1 SVM

서포트 벡터 머신(support vector machine, SVM[1])은 기계 학습의 분야 중 하나로 패턴 인식, 자료 분석을 위한 지도 학습 모델이며, 주로 분류와 회귀 분석을 위해 사용한다. 두 카테고리 중 어느 하나에 속한 데이터의 집합이 주어졌을 때, SVM 알고리즘은 주어진 데이터 집합을 바탕으로 하여 새로운 데이터가 어느 카테고리에 속할지 판단하는 비확률적 이진 선형 분류 모델을 만든다. 만들어진 분류 모델은 데이터가 사상된 공간에서 경계로 표현되는데 SVM 알고리즘은 그 중 가장 큰 폭을 가진 경계를 찾는 알고리즘이다. SVM은 선형 분류와 더불어 비선형 분류에서도 사용될 수 있다. 비선형 분류를 하기 위해서 주어진 데이터를 고차원 특징 공간으로 사상하는 작업이 필요한데, 이를 효율적으로 하기 위해 커널 트릭을 사용하기도 한다.[위키 발췌]

학습(Learning)

기본 설정으로 SVM을 학습해 본다. 특별한 다른 설정 없이도 상당히 정확한 예측력을 가진다.

library("e1071")

fit.svm.1 <- svm(LABELS ~ ., data = sc.imp.up.train)
print(fit.svm.1)
summary(fit.svm.1)

# test with train data
pred.svm.1 <- predict(fit.svm.1, sc.imp.up.test)

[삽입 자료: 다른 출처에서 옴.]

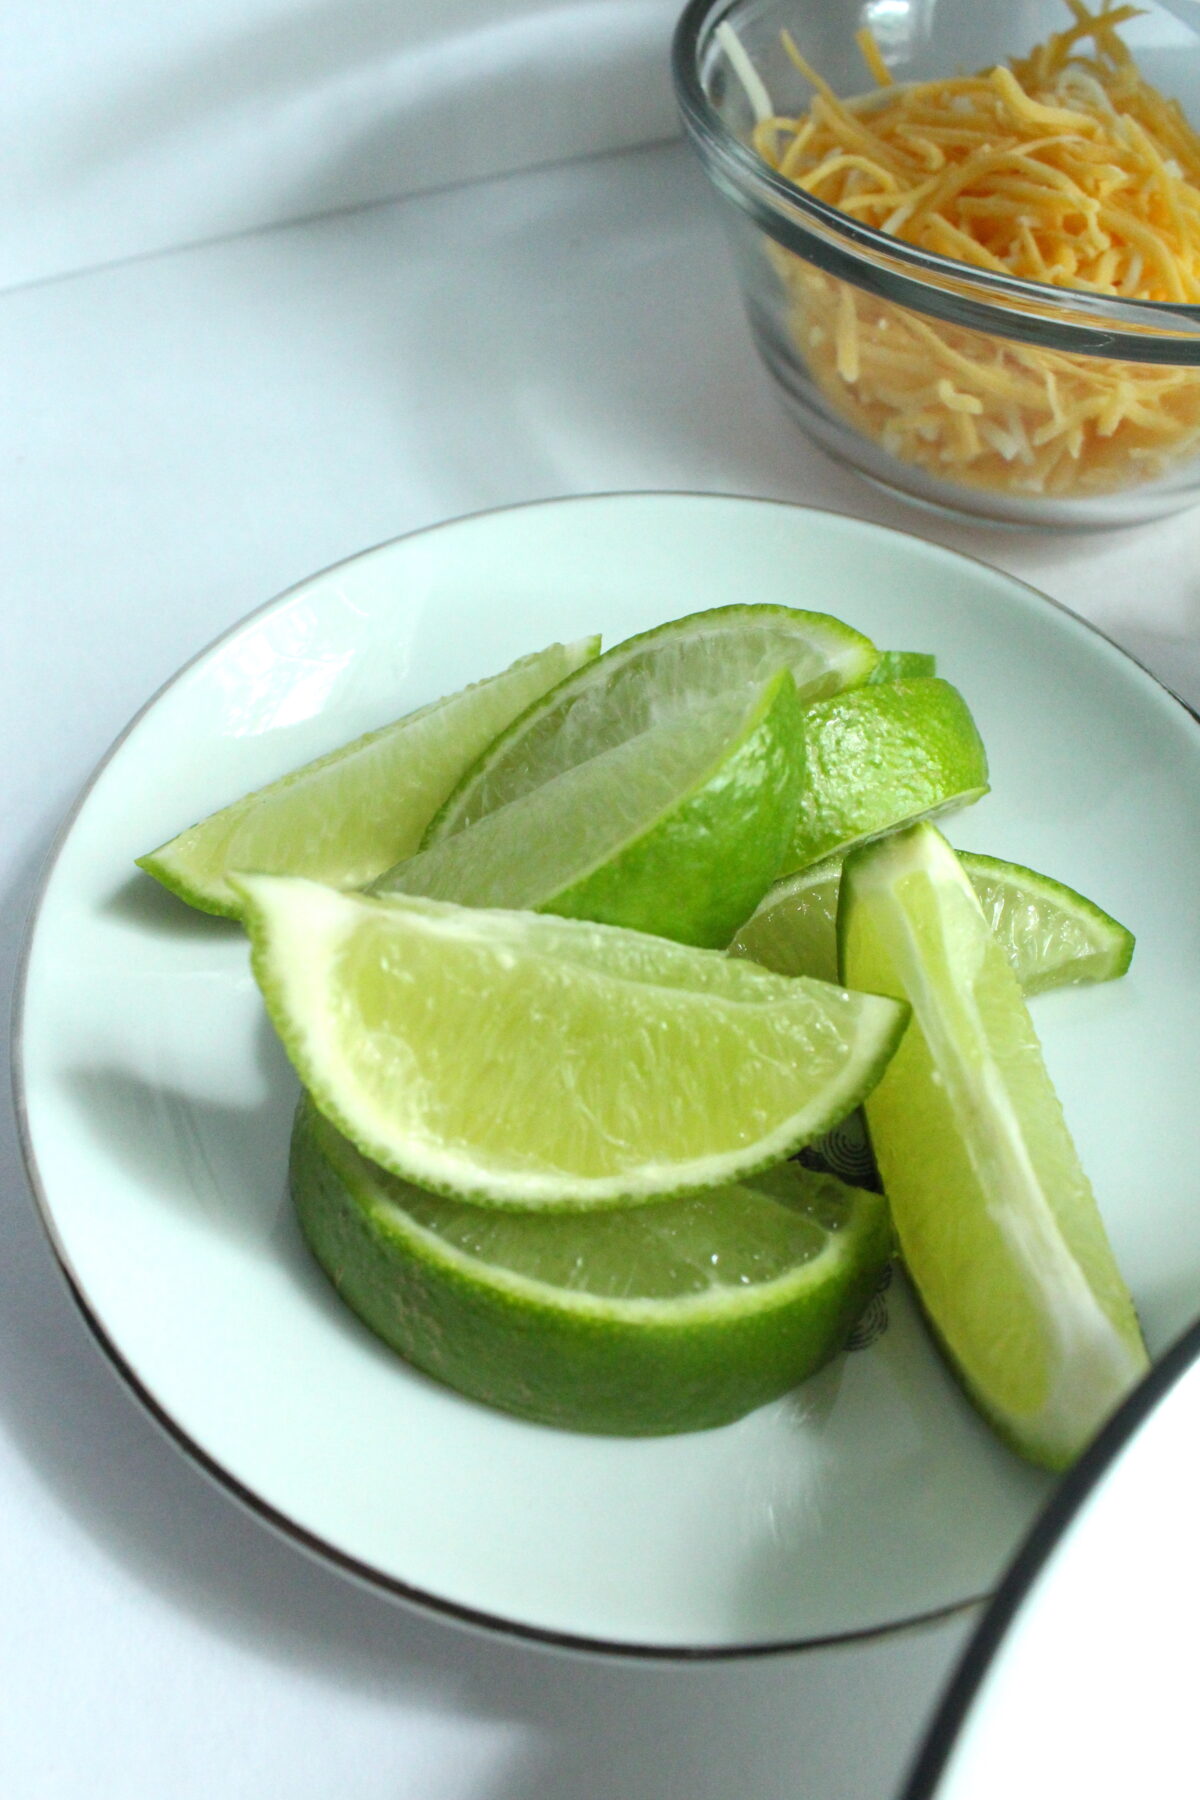 A plate of sliced limes.
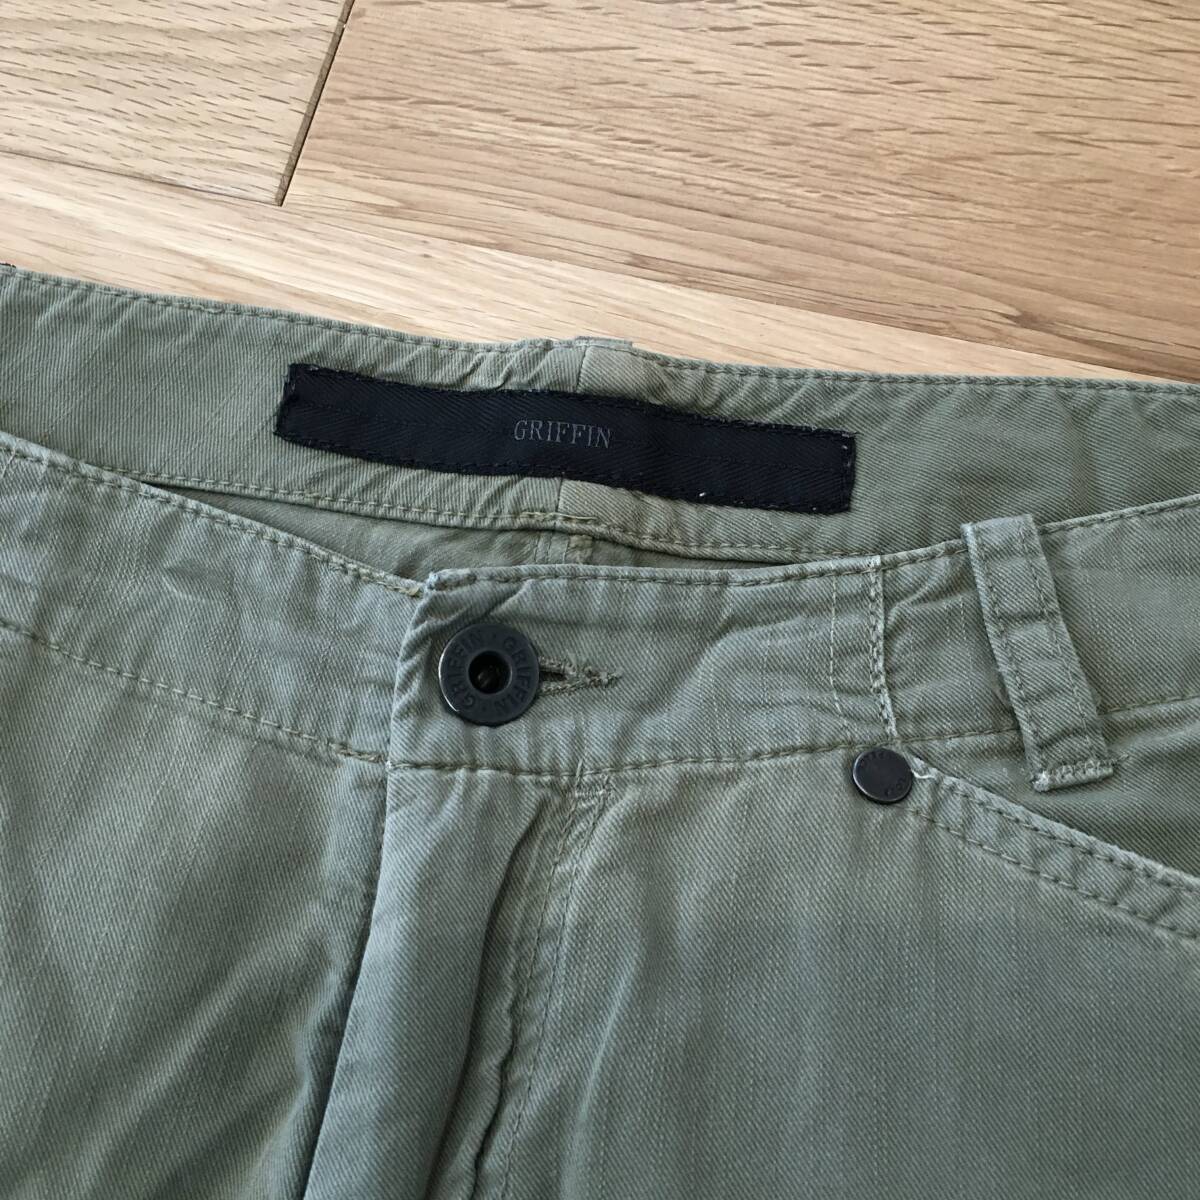  griffin GRIFFIN 2005ss Blade Cut Crust Pants Blade cut crust pants craft pants crash pants khaki 32

table(OBSERV = sc.imp.up.test$LABELS, PRED = pred.svm.1)

#       PRED
# OBSERV  -1   1
#     -1 433   5
#     1    0 438


# compute decision values and probabilities:
pred.svm.dv.1 <- predict(fit.svm.1, sc.imp.up.test, decision.values = TRUE)

str(pred.svm.dv.1)
attr(pred.svm.dv.1, "decision.values")[1:4,]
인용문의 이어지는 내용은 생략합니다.